Thx Chillam,
Thx Gassed,
looked further into the GSA, saw the 3 yr Review (still surprised its tied to TAPIS index only but hey thats what it is). Conditions precedent should not be a big deal for Shantou, given the backing of Guangong province power generator China Guodian. Guangdong province is China's most populus, largest in terms of GDP at over US$800 Billion and about 12% of China's economic output. And the province is hungry hungry hungry for electricity.
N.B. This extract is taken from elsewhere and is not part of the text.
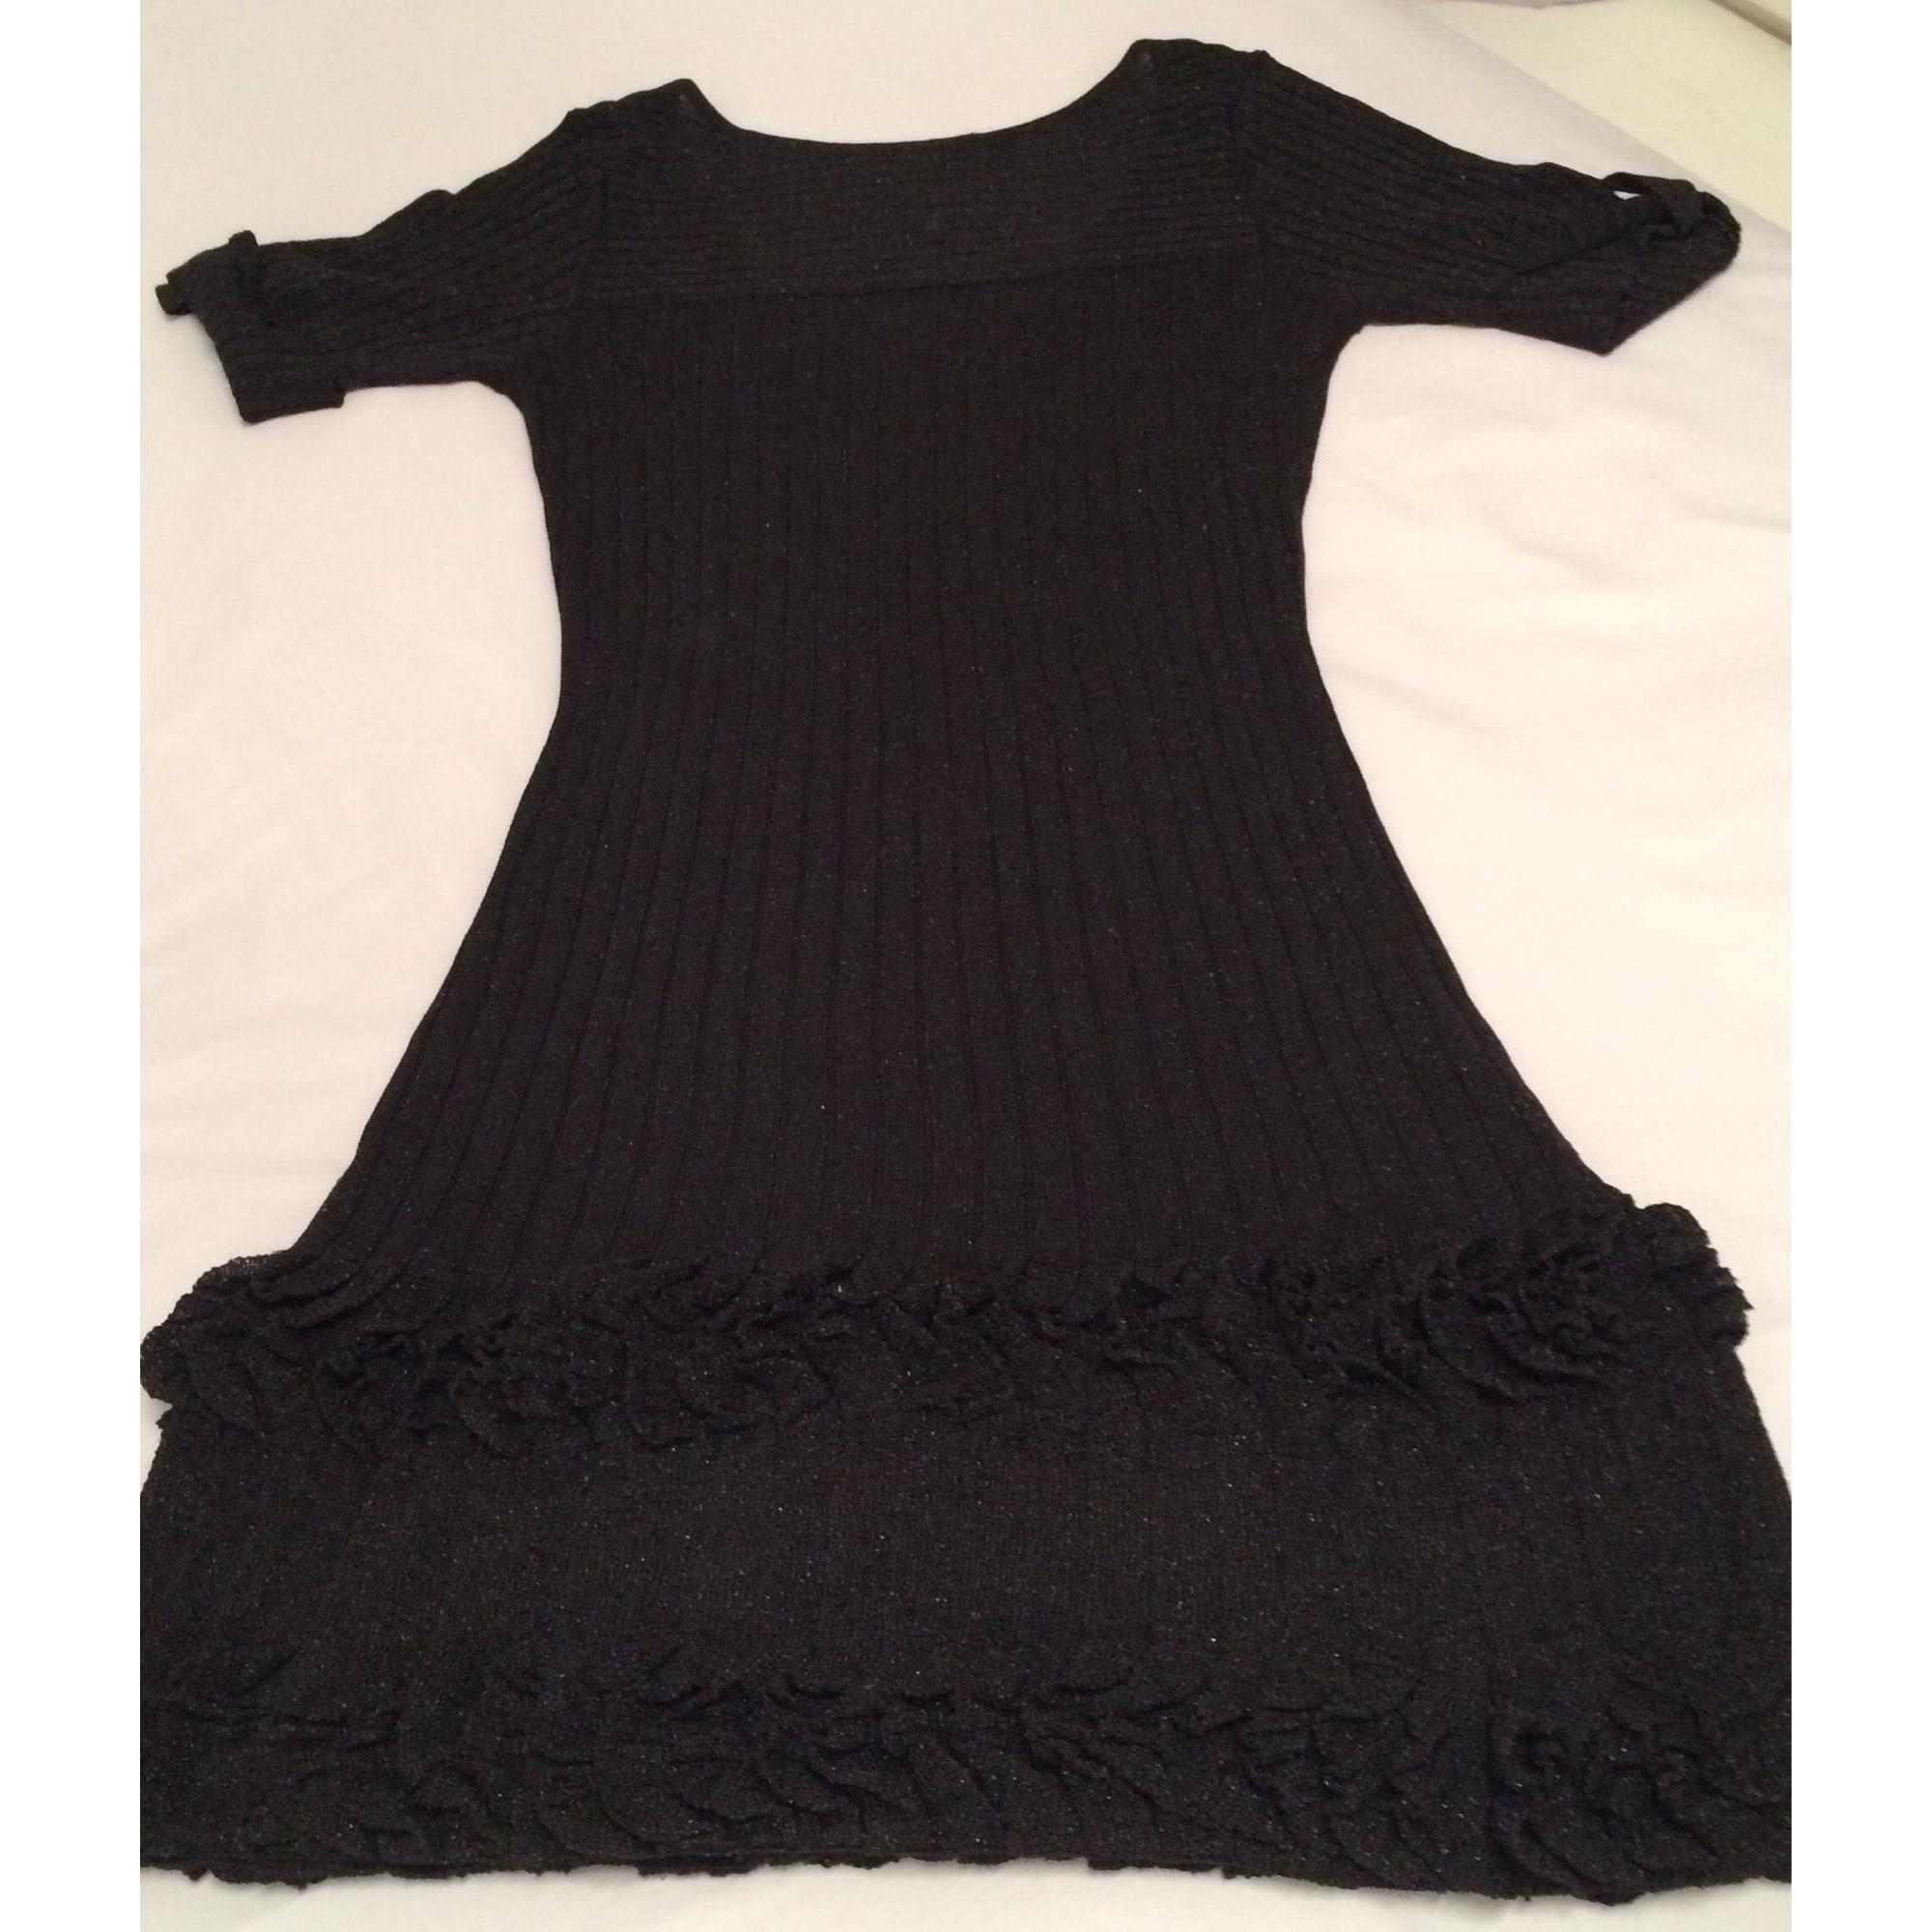 Robe courte viscose polyester noir Synthétique Karen Millen en coloris Noir
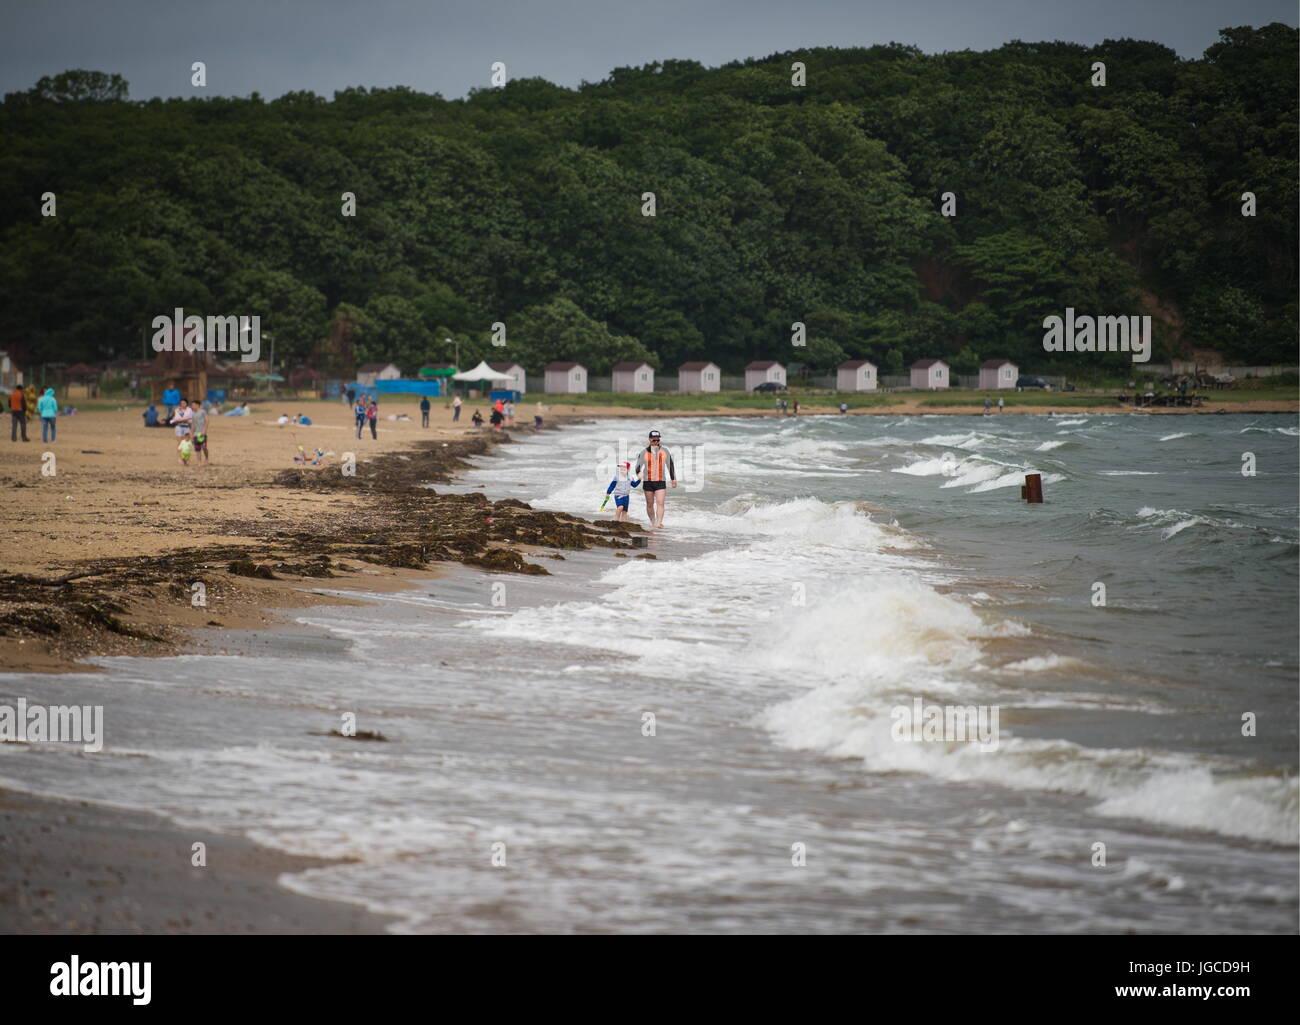 VLADIVOSTOK, RUSSIA - JUNE 25, 2017: People on the beach in Lazurnaya Bay in the city of Vladivostok on Russia's - Stock Image

Like you, I really think the GSA is an asset (that may not be priced in), especially since its not necessarily tied to ATP855P and sourcing gas from it as well as not tied to a port. If ICN is short on gas it might be able to pick up some from east coast states.
Do you guys follow FLNG/FSRU technology.
http://www.golar.com/index.php?name=Our_Business%2FFloating_Storage_.html
Also the pricing is FOB - so I guess our challenge is also where can we pipe it too and who has capacity. Our transport cost ends at the ship and Shantou's begin once its passed the ships rail so to speak.
Clearly though the biggest challenge will be proving up the 2TCF of 2P Reserves. IMO that's going to take at least 3 if not 4 wells which would need to be completed this year to meet the condition precedent of Jun 2014.
I can't find a BPT preso that published a drill plan for ATP855P - got a link?
First sale under GSA is June 2016. That's a while away and of course ICN could sell production now - pipeline is close by but pricing obviously much cheaper.
Does appear to be an enticing time for ICN.